Originally Posted by Matt Finley
Regarding Simon's correct advice/caution: In Windows, drive letters A and B are for removable media (floppy disks!); thus, C is the normal expectation for a boot hard drive. D used to be for your CD drive (remember those?). So often, when you plugged in a flash drive, it would be letter E. But those days are long gone with the predominance of multiple internal drives. You can use Windows to reassign any drive letter, though I recommend you NOT reassign the boot drive from C to something else, because you still may run into old installers that insist on drive C for programs. Make sense?
The main problem is that Windows will automatically assign the next available drive letter whenever you plug in a drive.

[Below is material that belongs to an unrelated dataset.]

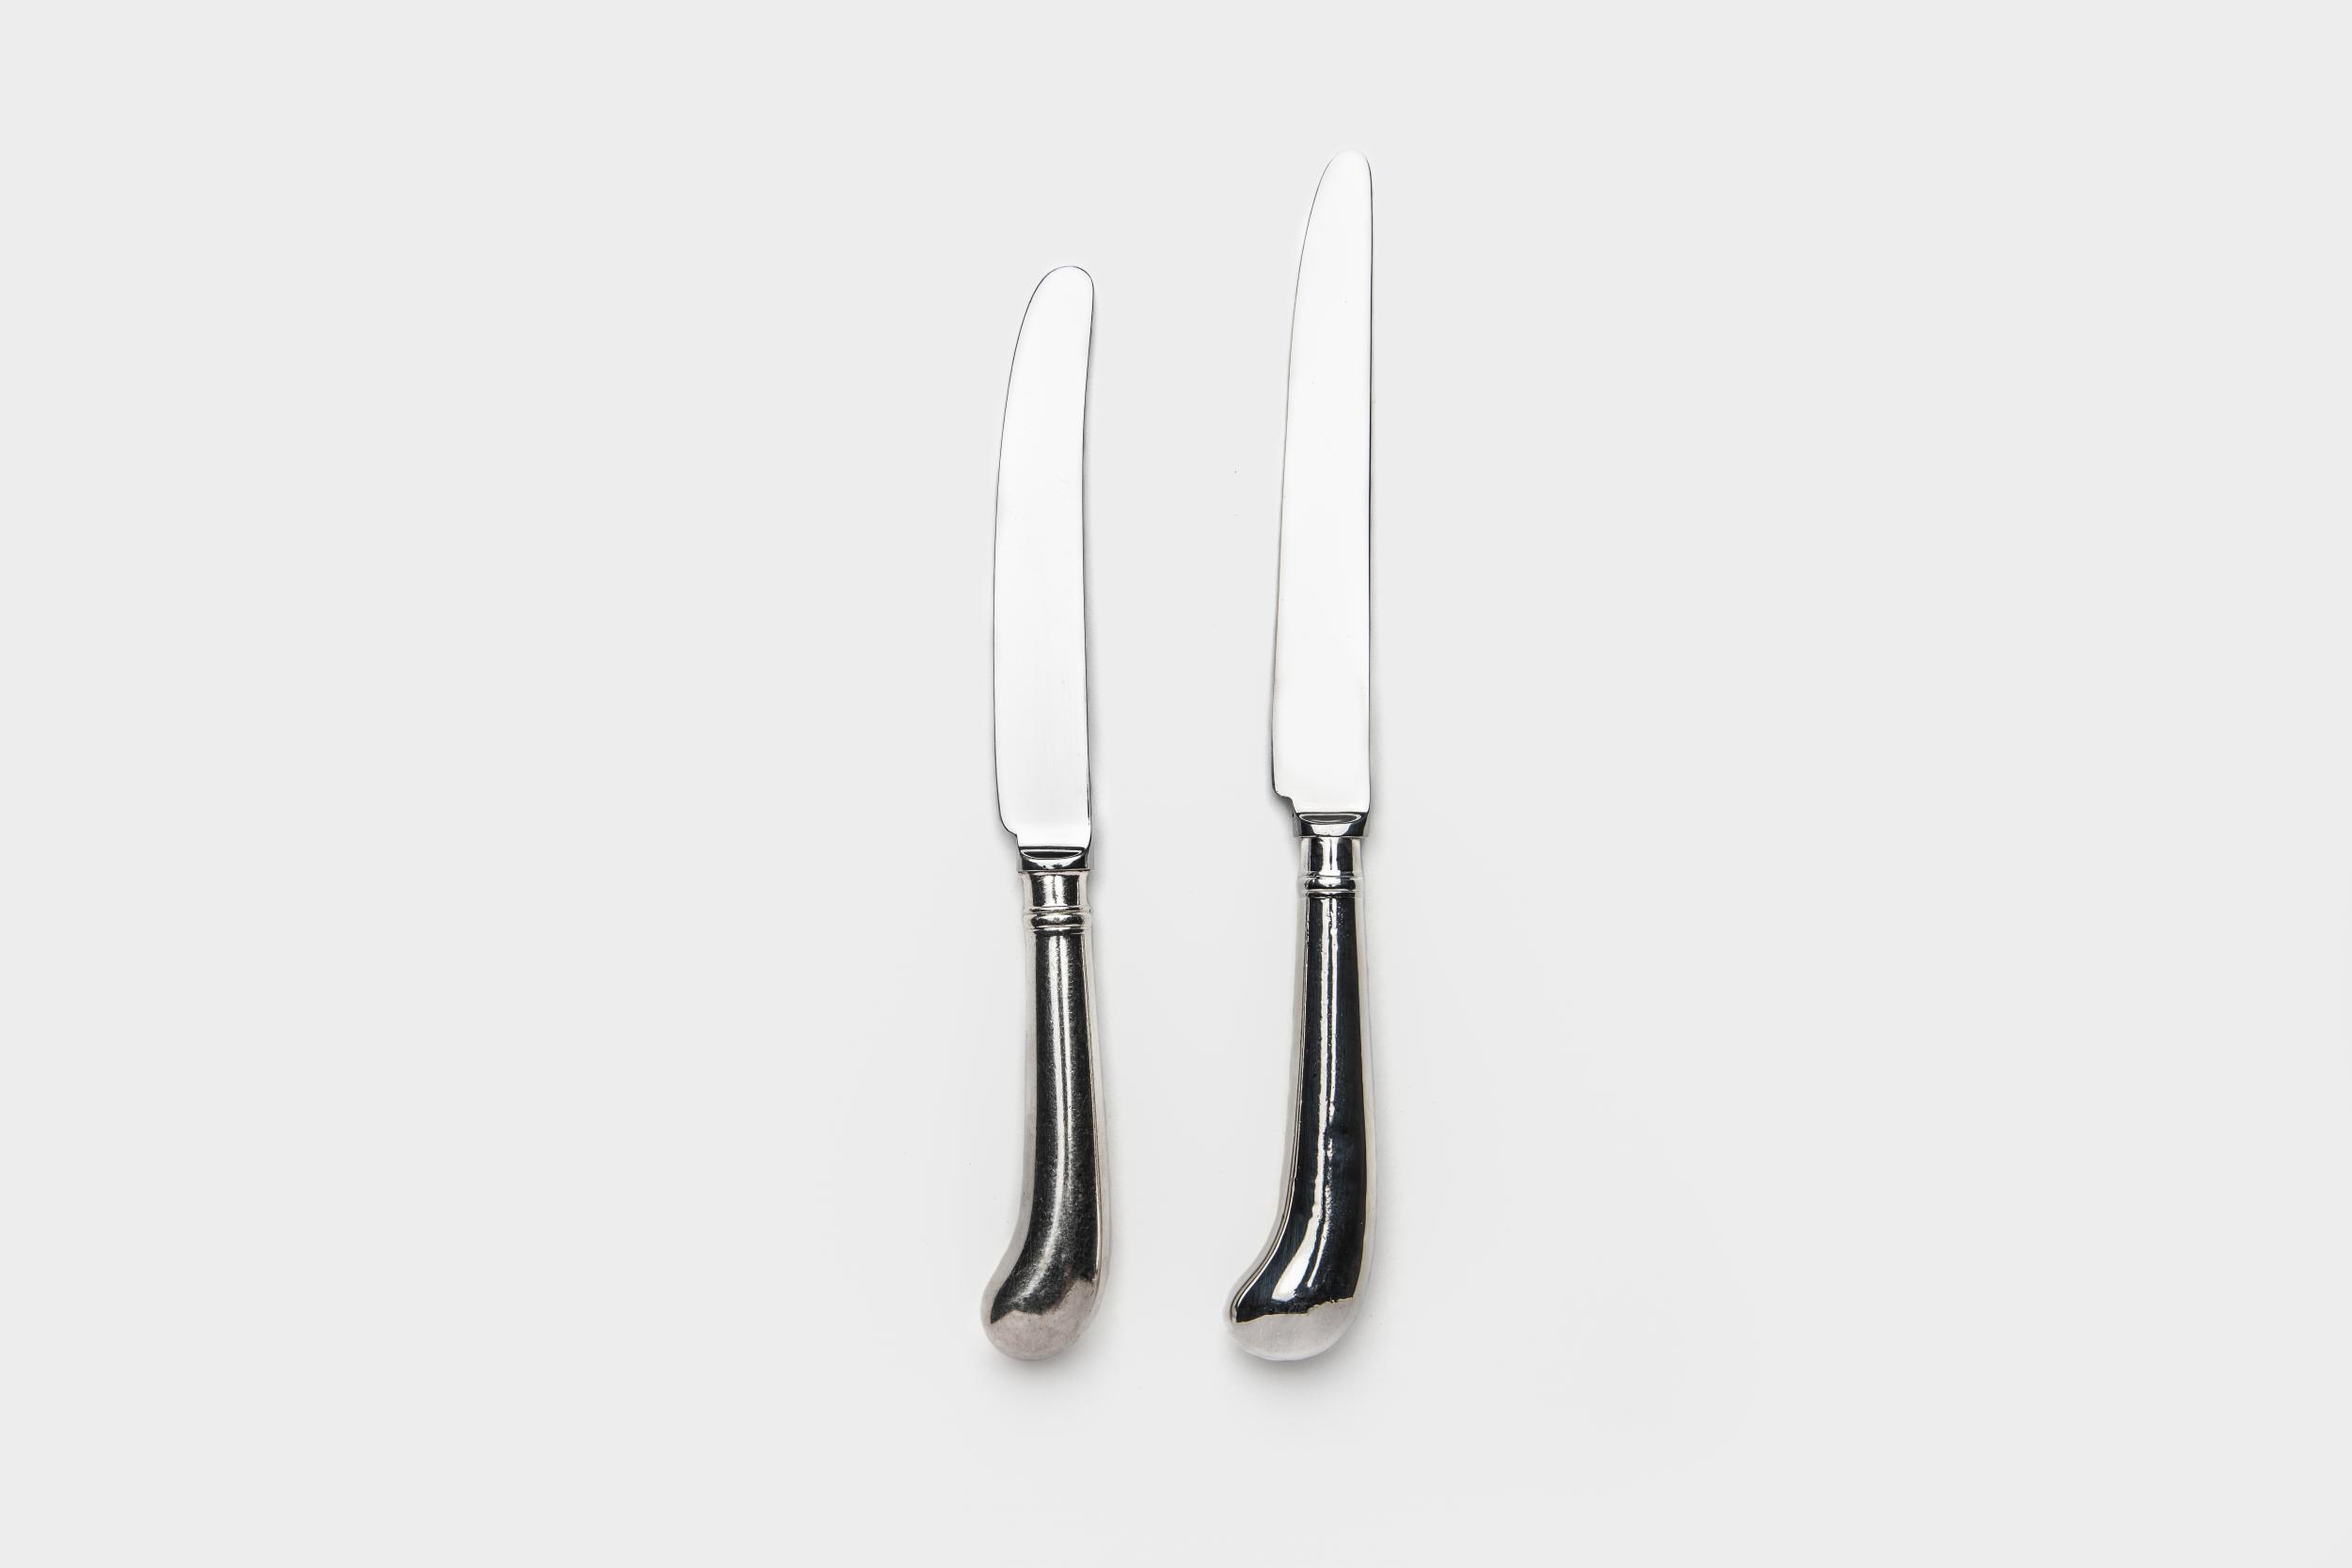 Pistol knives - Image 0

For example, let's say you have only a C drive - plugging in your BB hard drive will cause Windows to assign it as drive D. Now let's say you also have a flash drive you use - plugging that in while the BB hard drive is connected will assign it as drive E.

Now let's say you have neither drive plugged in, and you plug in your flash drive - Windows will assign it as drive D. Now if you plug in your BB drive, Windows will assign it as drive E! Suddenly all the symlinks you created will try and access files that don't exist on your flash drive. Manually assigning drive letters like Matt suggested is one way around this, however:

The other problem is that symlinks often don't survive when they're pointing to removable drives, meaning that some day you'll come along to use BB and any parts of it that were symlinked will no longer work.

Personally I recommend just running BB from one drive - either install it completely to your internal storage, or run it completely from the external.

Originally Posted by Matt Finley
D used to be for your CD drive (remember those?)
Thanks for making me feel old!

But yes, I remember those - in fact, I still have 5 ancient computers that still have optical drives (three of which have floppy drives too), plus an external burner!

Originally Posted by AudioTrack
Yes, don't ever consider reassigning drive C for any reason. There's probably stacks of hard-coded programs that automatically presume the drive letter C is where many applications are located.
I'm still surprised that Windows actually allows you to do this.

Last edited by Simon - PG Music; 06/12/24 12:56 PM.